How does ARMA(1,1) compare to the pure AR models?
Conceptually: why might gas prices have both AR and MA structure?

Let’s look at forecasting results¶

fig, axes = plt.subplots(len(results), 1, figsize=(14, 2 * len(results)), sharex=True)

split_point = len(y_train)

for ax, (name, res) in zip(axes, results.items()):
    # Training data
    ax.plot(np.arange(len(y_train)), y_train, 'k-', linewidth=0.4, alpha=0.5, label='Train')
    # Test actual
    ax.plot(np.arange(split_point, split_point + len(y_test)), y_test, 'k-', linewidth=0.8, label='Actual')
    # Forecast
    ax.plot(np.arange(split_point, split_point + len(y_test)), res['forecasts'], 'r--', linewidth=1.2, label=f'{name} forecast')
    # Split line
    ax.axvline(split_point, color='orange', linewidth=1.5, linestyle=':', label='Train/Test split')
    ax.set(ylabel='Log return', title=f'{name}  |  RMSE={res["rmse"]:.5f}')
    ax.legend(loc='upper left')

axes[-1].set(xlabel='Time index')
plt.tight_layout()
plt.show()

# Pick the best model by RMSE
best_name = min(results, key=lambda n: results[n]['rmse'])
best_order = models_to_test[best_name]
print(f"Best model: {best_name}")

# Refit on ALL data, then forecast into the future
full_model = ARIMA(log_change, order=best_order).fit()

n_ahead = 26  # 26 weeks ~ 6 months
forecast_result = full_model.get_forecast(steps=n_ahead)
forecast_mean = forecast_result.predicted_mean
forecast_ci = forecast_result.conf_int(alpha=0.05)  # 95% CI

# Convert log returns back to prices
last_price = y_gas[-1]
# Cumulative sum of log returns -> multiply by last observed price
future_prices = last_price * np.exp(np.cumsum(forecast_mean))
ci_lower = last_price * np.exp(np.cumsum(forecast_ci[:, 0]))
ci_upper = last_price * np.exp(np.cumsum(forecast_ci[:, 1]))

# Build future date index
last_date = gas.index[-1]
future_dates = pd.date_range(last_date, periods=n_ahead + 1, freq='W')[1:]

# Plot
fig, ax = plt.subplots(figsize=(14, 5))

# Historical prices (last 2 years for context)
lookback = 104
ax.plot(gas.index[-lookback:], y_gas[-lookback:], 'k-', linewidth=0.8, label='Observed')

# Forecast
ax.plot(future_dates, future_prices, 'r-', linewidth=1.5, label=f'{best_name} forecast')
ax.fill_between(future_dates, ci_lower, ci_upper, color='red', alpha=0.15, label='95% CI')

# Split line
ax.axvline(gas.index[-1], color='orange', linewidth=1.5, linestyle=':', label='Forecast start')
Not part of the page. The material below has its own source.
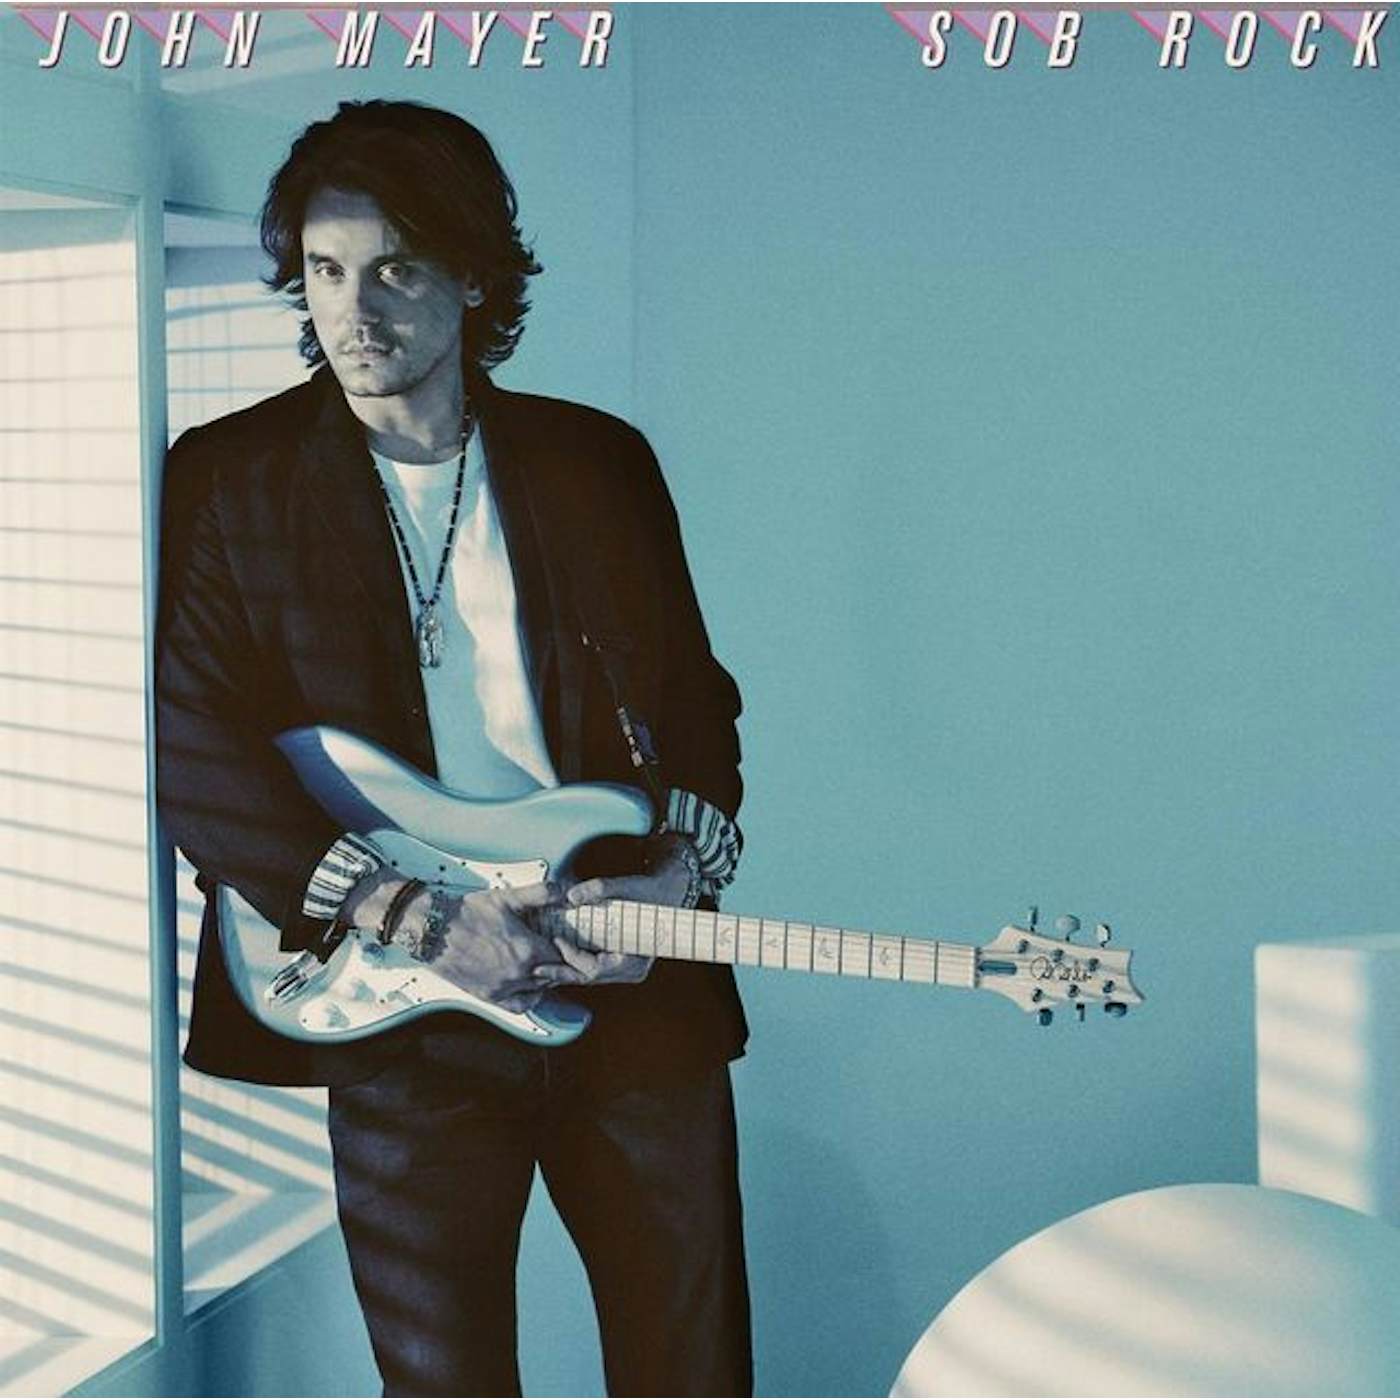 John Mayer Sob Rock Vinyl Record

ax.set(xlabel='Date', ylabel='$ per gallon',
       title=f'Gas Price Forecast — {best_name} (next {n_ahead} weeks)')
ax.legend()
plt.tight_layout()
plt.show()

print(f"\nCurrent price: ${last_price:.2f}")
print(f"Forecast in {n_ahead} weeks: ${future_prices[-1]:.2f}")
print(f"95% CI: [${ci_lower[-1]:.2f}, ${ci_upper[-1]:.2f}]")

Best model: AR(1)


Current price: $3.99
Forecast in 26 weeks: $4.10
95% CI: [$1.53, $10.98]

fig, ax = plt.subplots(figsize=(14, 5))
ax.plot(gas.index[-lookback:], y_gas[-lookback:], 'k-', linewidth=0.8, label='Observed')
ax.axvline(gas.index[-1], color='orange', linewidth=1.5, linestyle=':')
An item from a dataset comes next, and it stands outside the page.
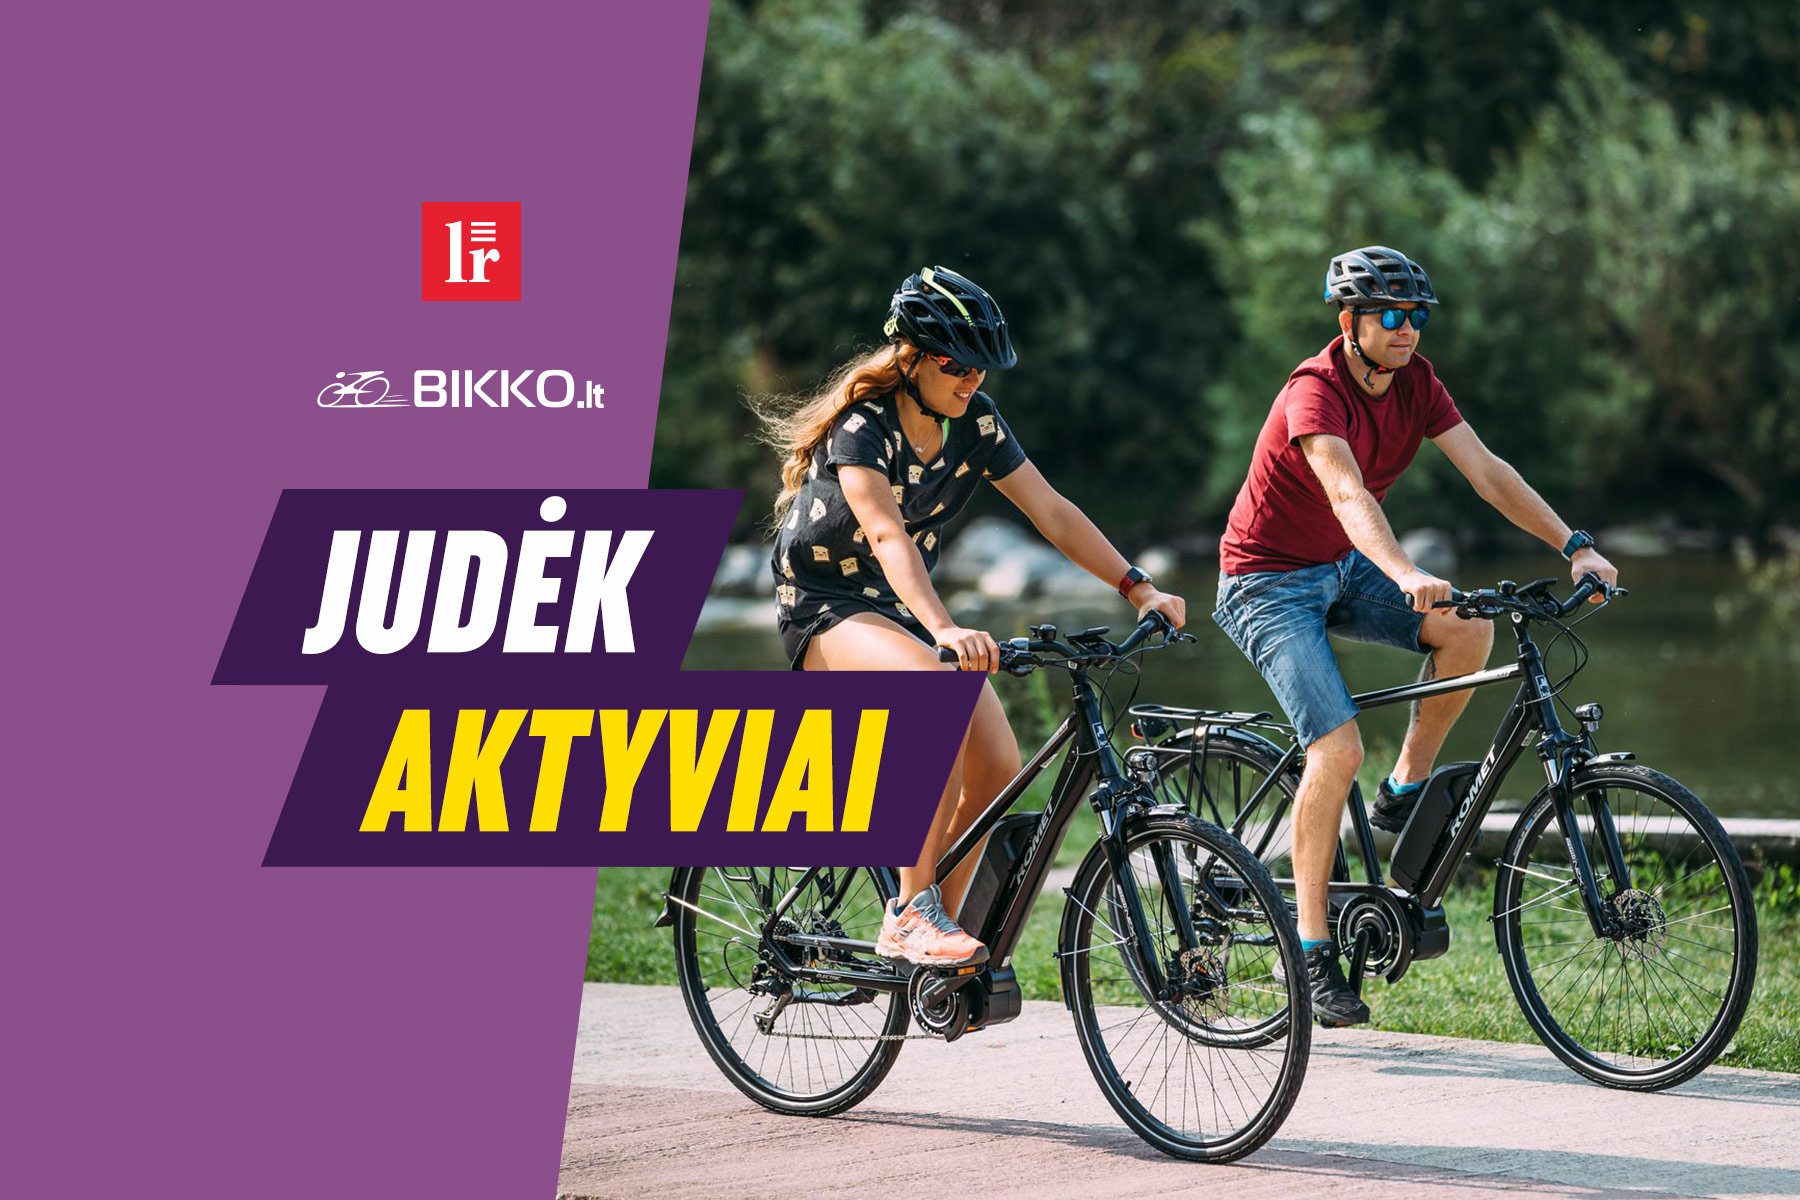 Portalas lrytas.lt ir internetinė dviračių parduotuvė BIKKO.lt pristato projektą „Judėk aktyviai su Bikko“.

for name, order in models_to_test.items():
    m = ARIMA(log_change, order=order).fit()
    fc = m.get_forecast(steps=n_ahead).predicted_mean
    prices = last_price * np.exp(np.cumsum(fc))
    ax.plot(future_dates, prices, '--', linewidth=1.2, label=name)
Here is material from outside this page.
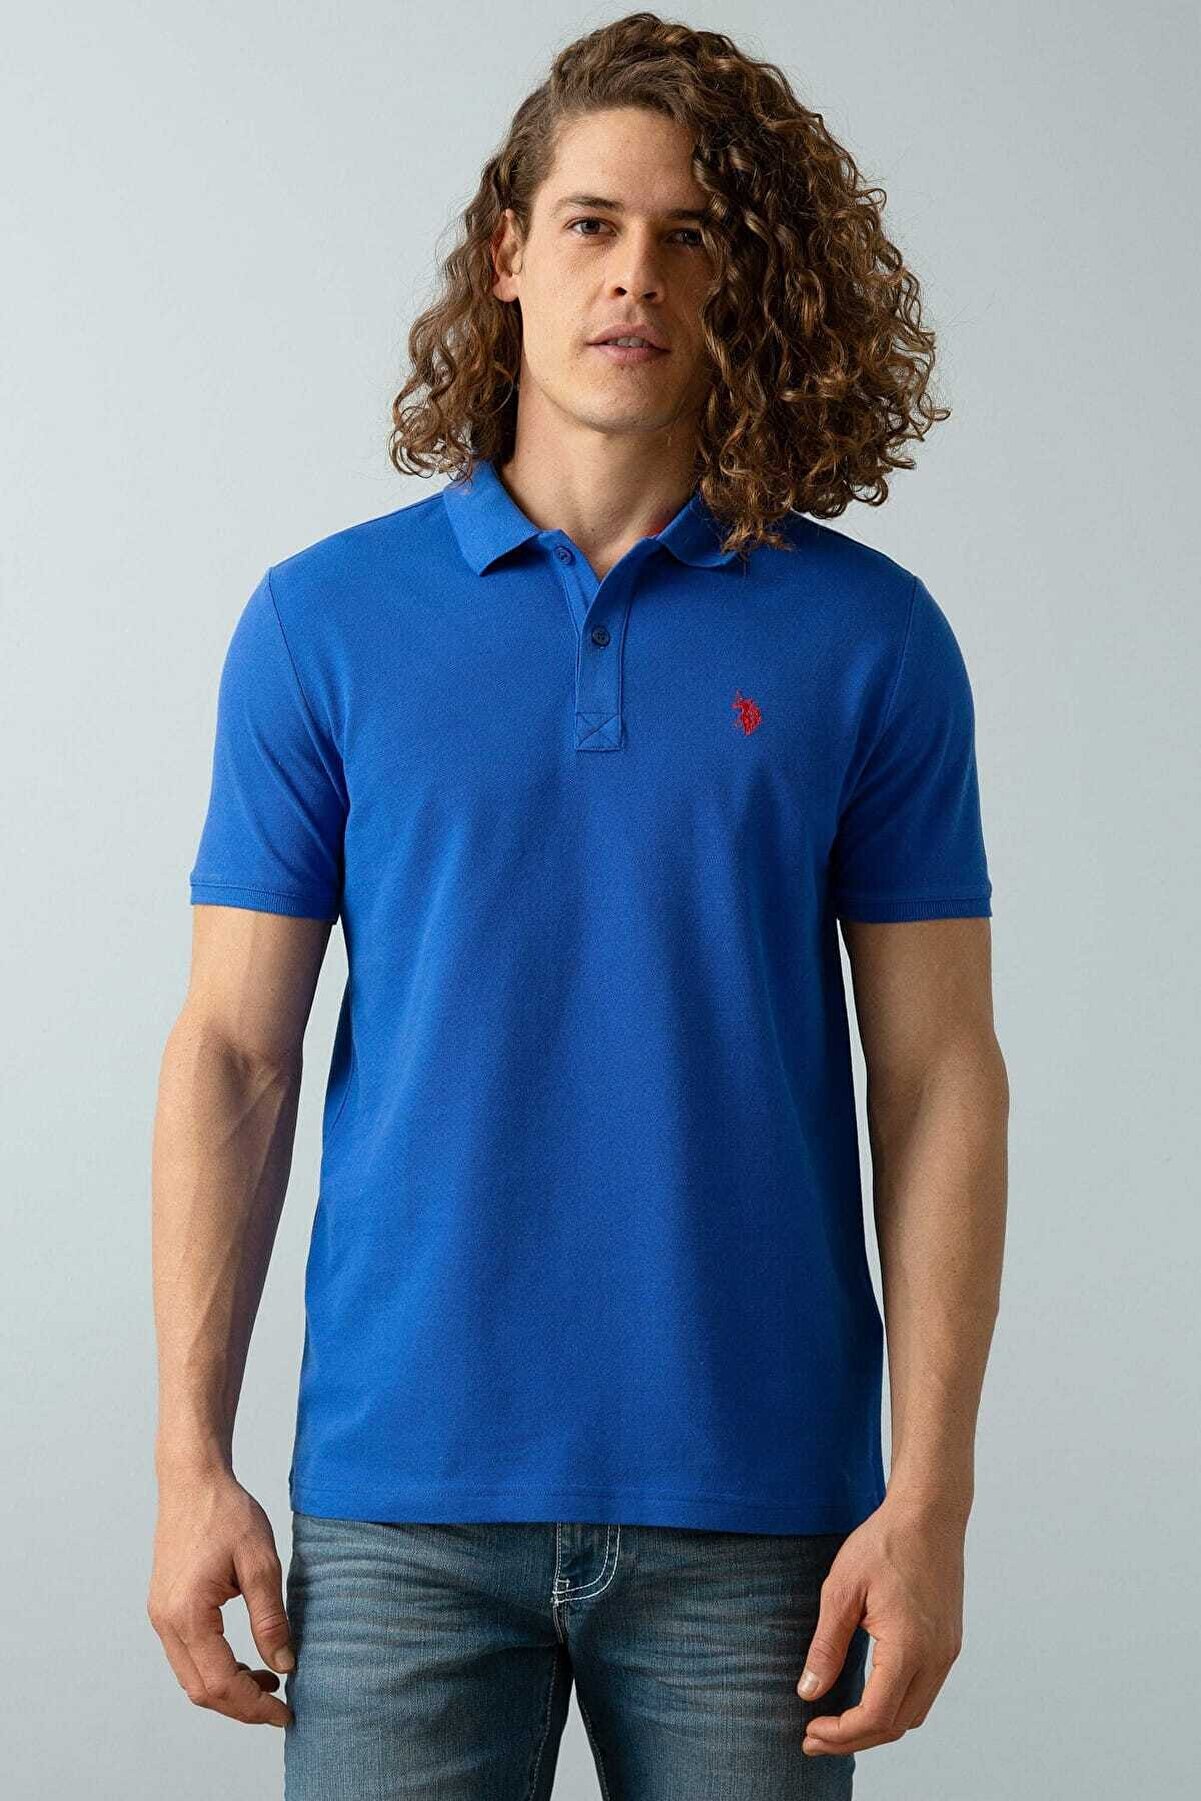 U.S. Polo Assn. Erkek Mavi Polo Yaka T-shirt G081gl011.000.1191429

ax.set(xlabel='Date', ylabel='$ per gallon', title='Gas Price Forecasts — All Models')
ax.legend()
plt.tight_layout()
plt.show()

Summary¶

The gas price data has strong autoregressive persistence, but the residuals from pure AR models often retain some short-lag structure. Adding a single MA term can help in selecting a model with relatively fewer parameters compared to a larger AR model.